Using Argumentation Models to Model Issue Threads

Wang, Wenting, Deeksha Arya, Nicole Novielli, Jinghui Cheng, and Jin L.C. Guo. 2020. “ArguLens: Anatomy of Community Opinions On Usability Issues Using Argumentation Models.” In , 1–14. Association for Computing Machinery (ACM). doi:10.1145/3313831.3376218.

How do you decide which features to implement in a software? If you are in an industry setting, then you get a list of requirements from a product owner, and is mainained by the product manager in the form of user stories. There are iteration planning meetings, and backlog grooming sessions, that allow the teams to prioritize the tasks and develop a software. There are software engineering models like Agile that logically detail out the role of every individual in a software development project.

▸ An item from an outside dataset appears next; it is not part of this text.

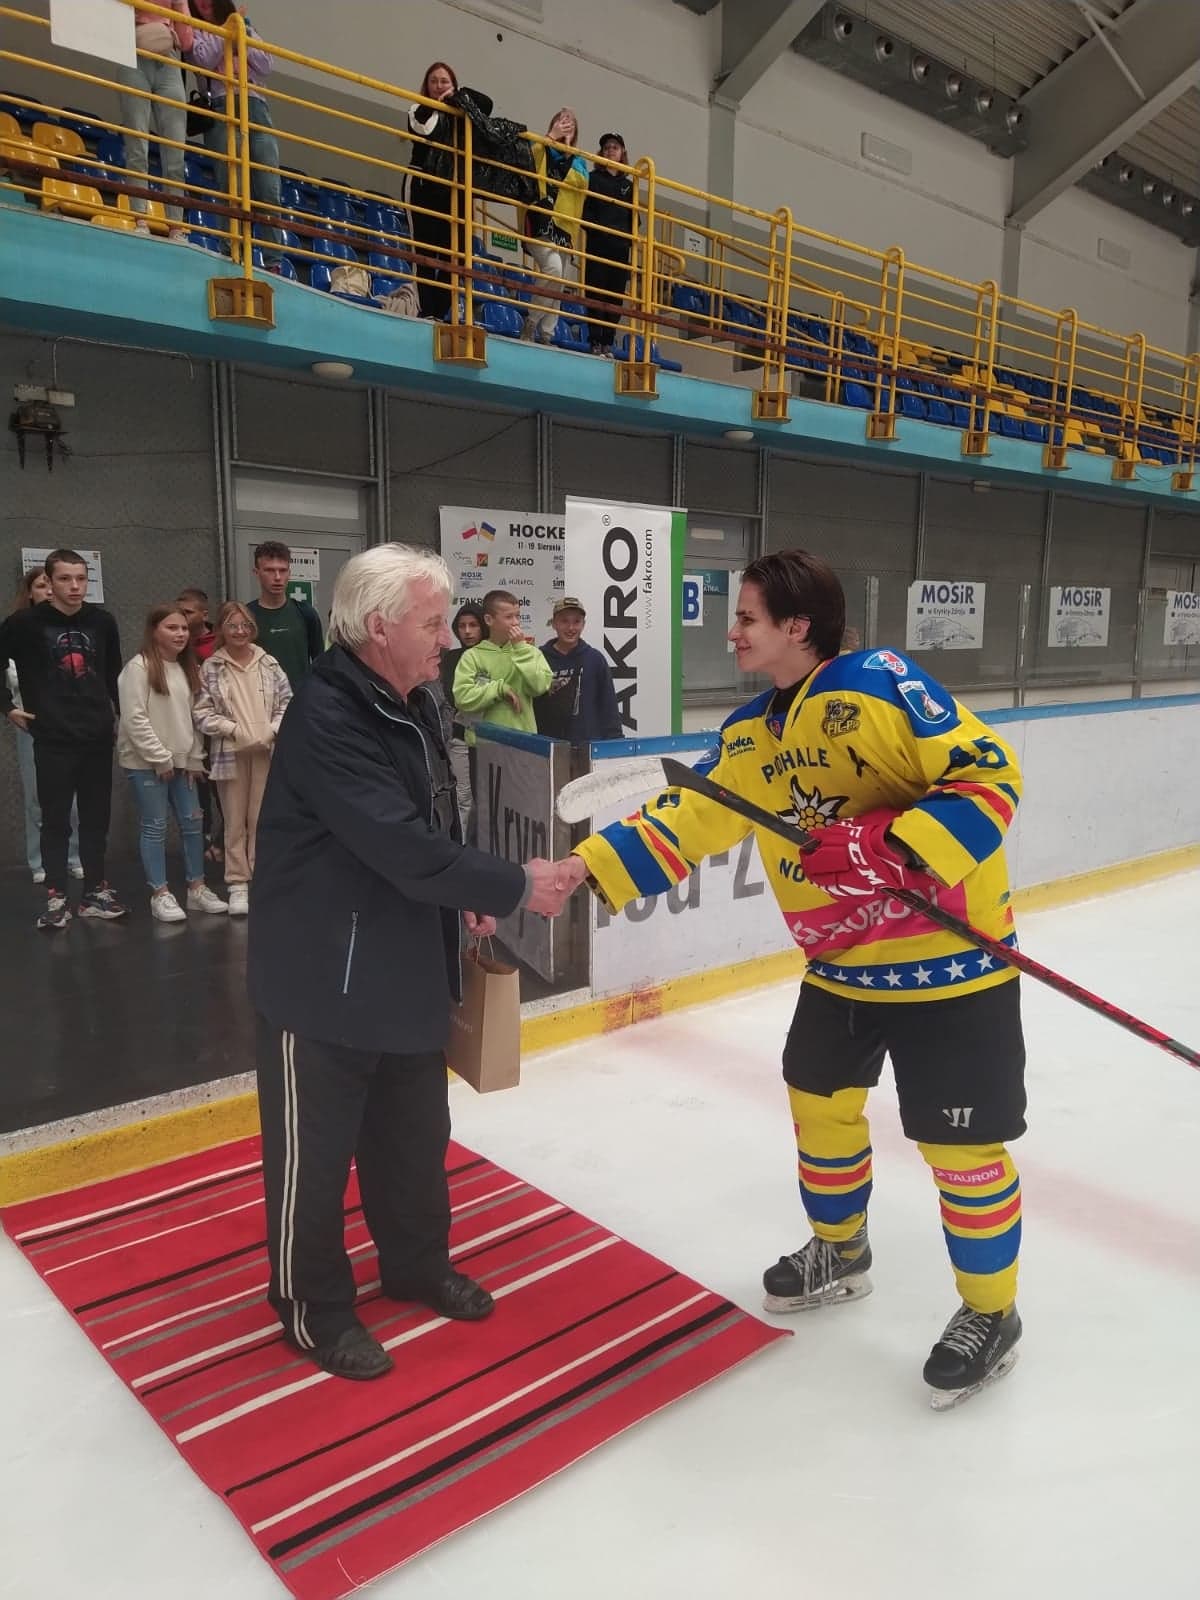 Nagrody wyróżnionym wręczał Jan Adamowicz, od 64 lat związany z krynickim hokejem

However, this is not the case in the open source world. There is a public discussion on any forum (or GitHub) how the software has to evolve, where everyone can propose a featue and and assert its requirement.

A lengthy issue discussion thread on GitHub

This is how issue discussion threads on GitHub look like.

Why does this become a problem? Because of the wild discussion that happens. Finding a relevant support or disagreement to the issue or feature gets lost in the long conversations. It is possible that some messages might be personal opinions, some may be clarifications, and some heated arguments and these might not add any value to the discussion. This makes it difficult for the developers to arrive at an decision, and do what they love the most, writing code.

Abstract

To address the problem of extracting relevant information that is available in the issue discussion threads, the reserchers have proposed and evaluated ArguLens, a model that leverages the Toulmin Model of Argument. They have analysed the long issue discussion threads and experimented with automated argument extraction. Usability testing done to understand how the feature can facilitate the understanding of opinions in issue discussions.

Introduction

The Open Source Software landscape has evolved to become a platform for developers to collaboratively advance the field. Since the tools that are developed are adopted by thousands of fellow developers, community feedback becomes important, and is done by Issue Tracking Systems or ITSs. The vast number of comments that are posted poses challenge to the contributers who are trying to understand the user needs and can affect the way a sofware is evolved.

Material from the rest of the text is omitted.